Two former lieutenant governors, a former congresswoman and the state insurance commissioner were among the group pledging their support for Paul Davis, a Democratic state legislator who until recently was seen as a long shot in a state where Republican and independent voters far outnumber Democrats.
"We are deeply concerned by the direction Sam Brownback is taking Kansas," said Wint Winter, a former state senator who is backing Mr. Davis. "We are all Republicans. But we will always be Kansans first."
The unusual mass GOP endorsement of a Democrat illustrates the larger challenge for Mr. Brownback as he tries to woo voters from the center after pushing Kansas to the right during his first term. The governor has focused in recent years on cutting income taxes to spur robust economic growth so Kansas can compete with the likes of such powerhouses as Texas, which has no state income tax.
Prodded by Mr.
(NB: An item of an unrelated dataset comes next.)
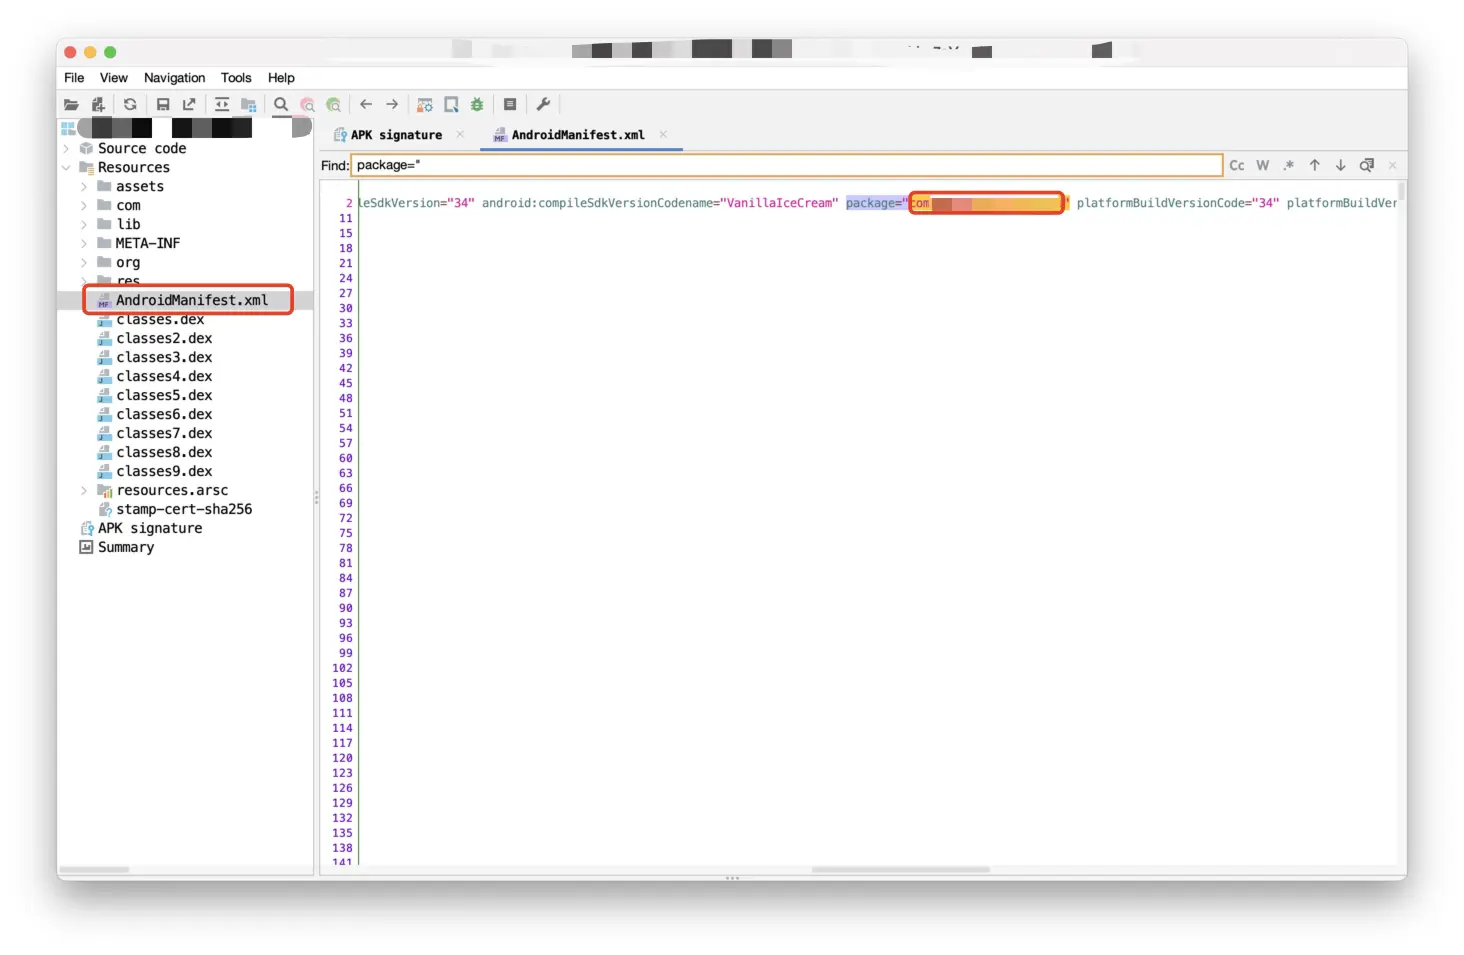 Screenshot demonstrating how to find the app's package name within the AndroidManifest.xml file using JadxGUI.

Brownback, who cast the policy as a model for Republican governors across the country, the legislature cut the top income-tax rate by 25% as part of a plan to completely eliminate the tax. He also won their backing for the elimination of taxes on non-wage income for many businesses.
But the experiment has caused a steep drop in state revenues, while not yet delivering outsize economic growth. 
Brownback's Kansas strategy has not yet delivered "outsize economic growth" because it cannot produce economic growth. It's all a Koch-fueled fantasy.

Remember what much of the internet has noted Albert Einstein as having said,
...the definition of insanity is doing something over and over again and expecting a different result. 
Don't expect that a Governor Ducey will make the Arizona economy more prosperous. His formula has been tried and found wanting.

1 comment:

  1. these are just sound bites and expressions that he thinks makes him sound intelligent. Is no factual component to anything this man says. He is a scammer and a user.